GIVEN INFORMATION:
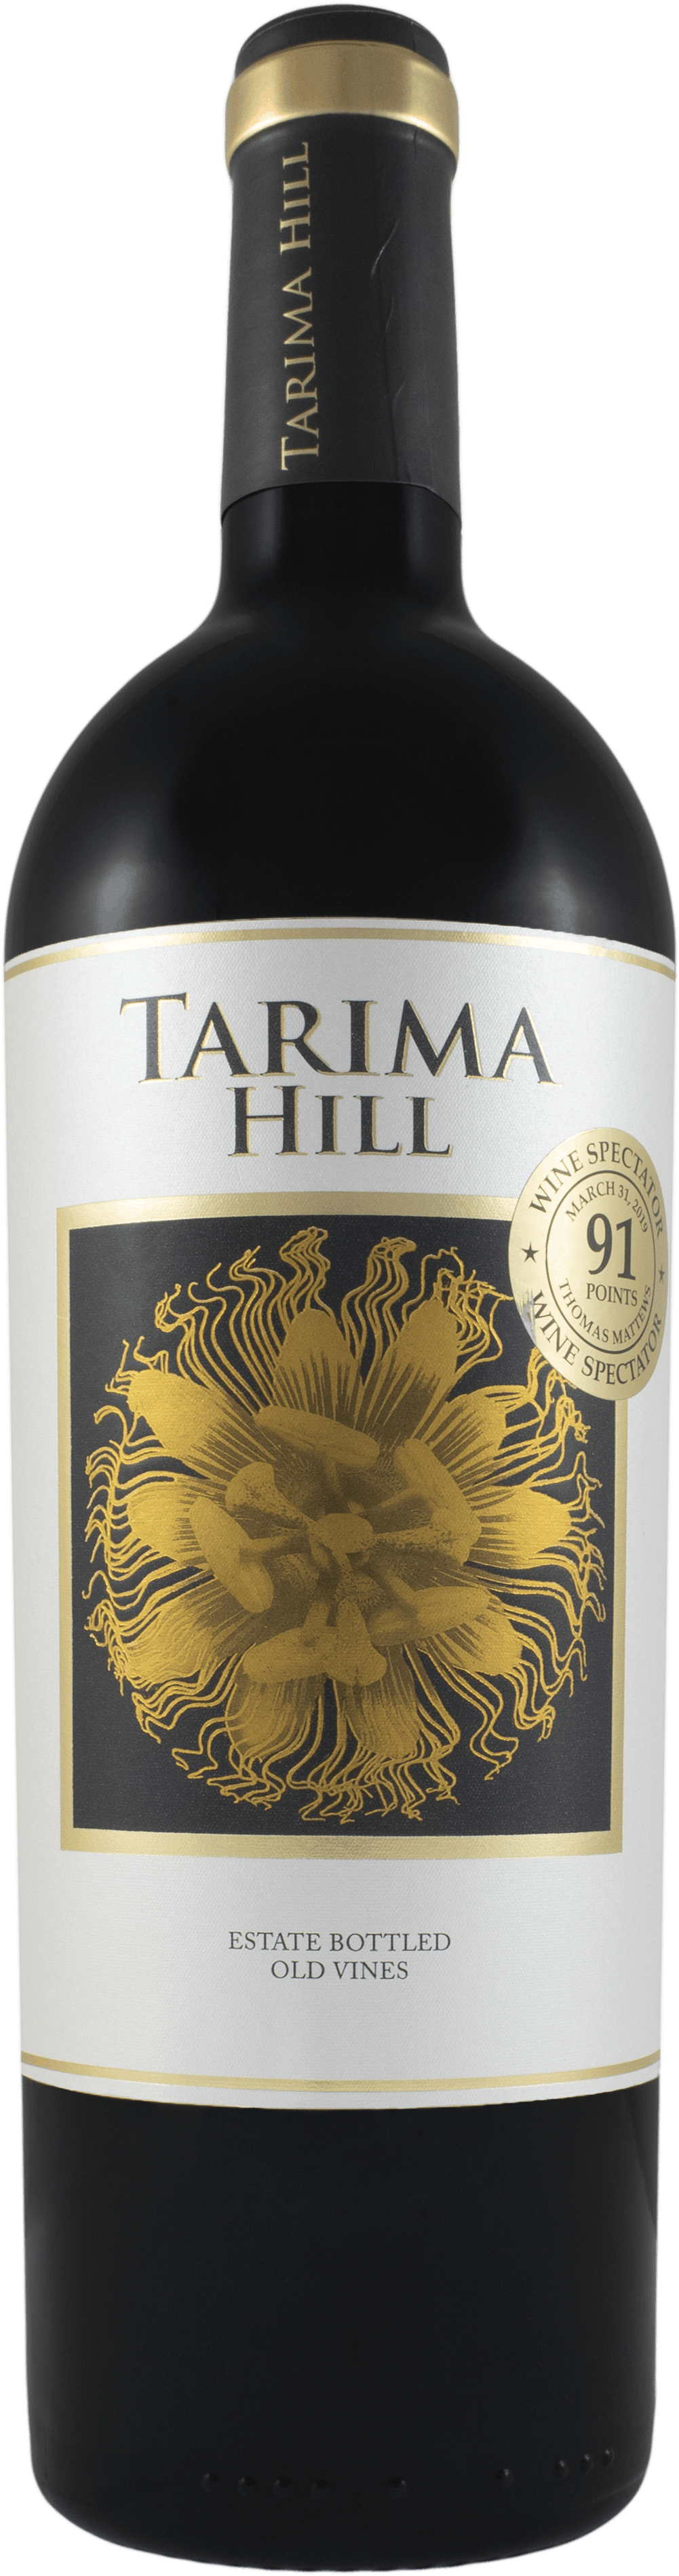 Volver, Tarima Hill Monastrell Old Vines 2015 (1x150cl) - TwoMoreGlasses.com
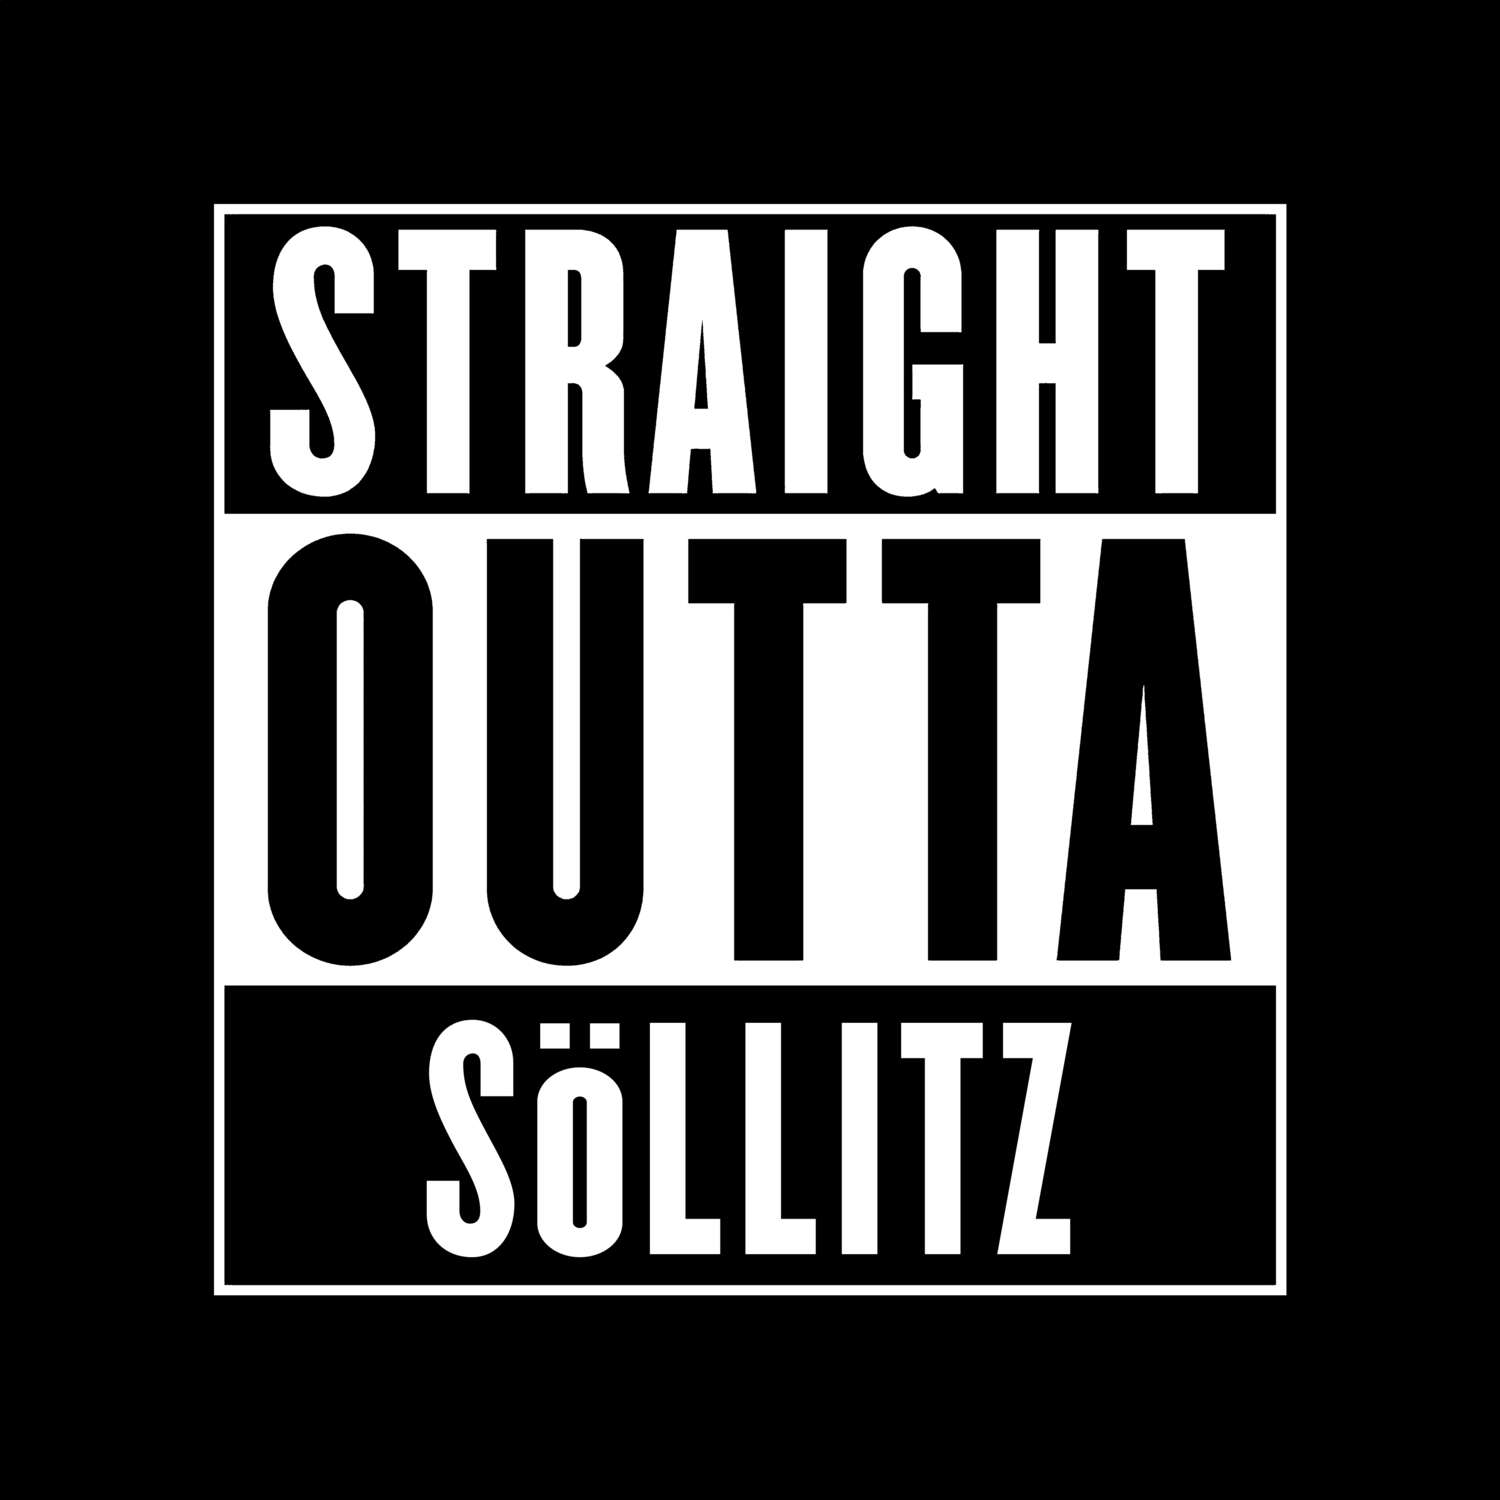 Söllitz T-Shirt »Straight Outta«
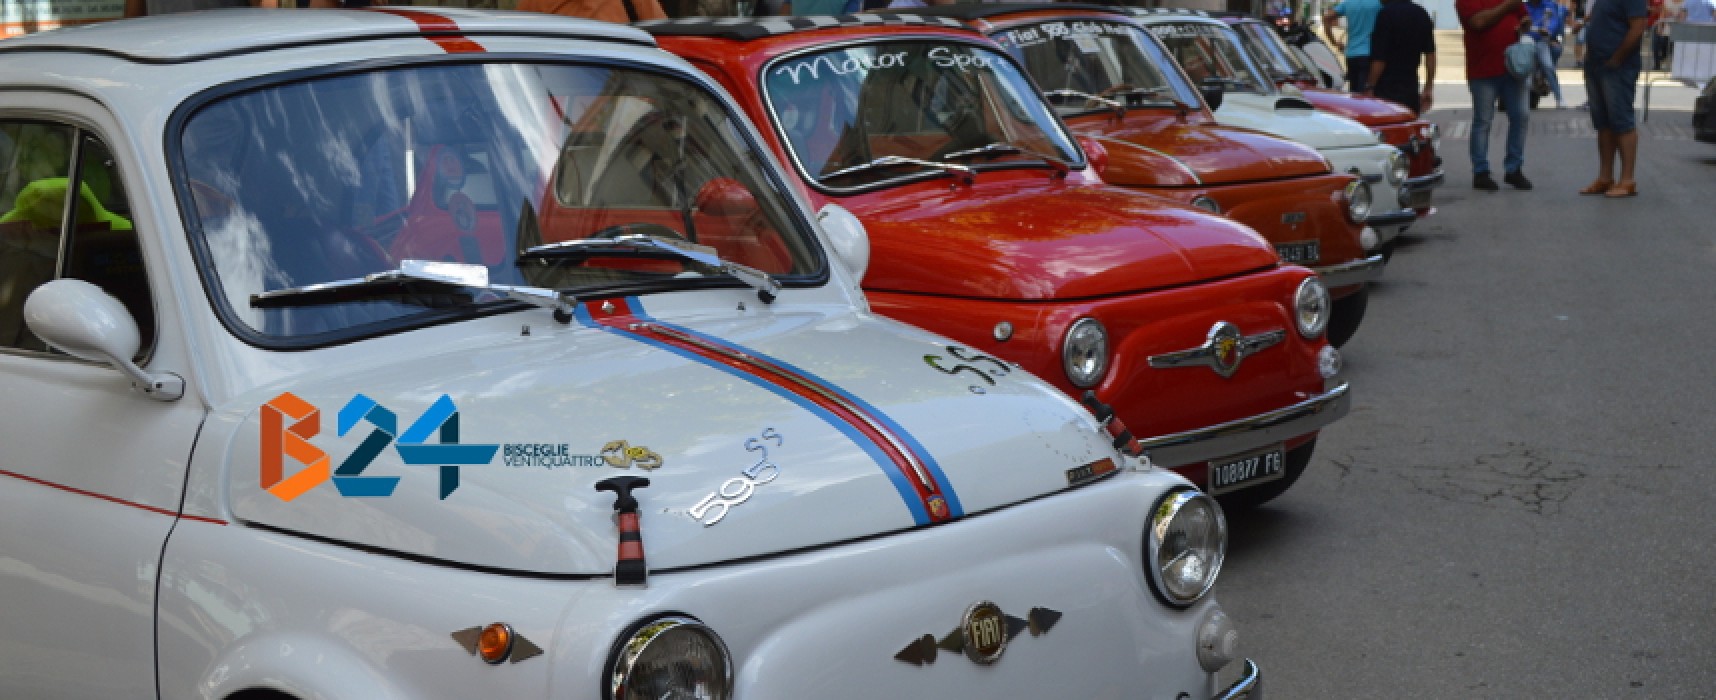 Fiat 500 club, Meeting internazionale del Sud Italia nel weekend

EXERCISE OBJECTIVE: The complete listing must be transcribed verbatim, and all pictures are to be omitted.

YOUR SOLUTION:
 Volver, Tarima Hill Monastrell Old Vines 2015 (1x150cl) - TwoMoreGlasses.com
 Söllitz T-Shirt »Straight Outta«
 Fiat 500 club, Meeting internazionale del Sud Italia nel weekend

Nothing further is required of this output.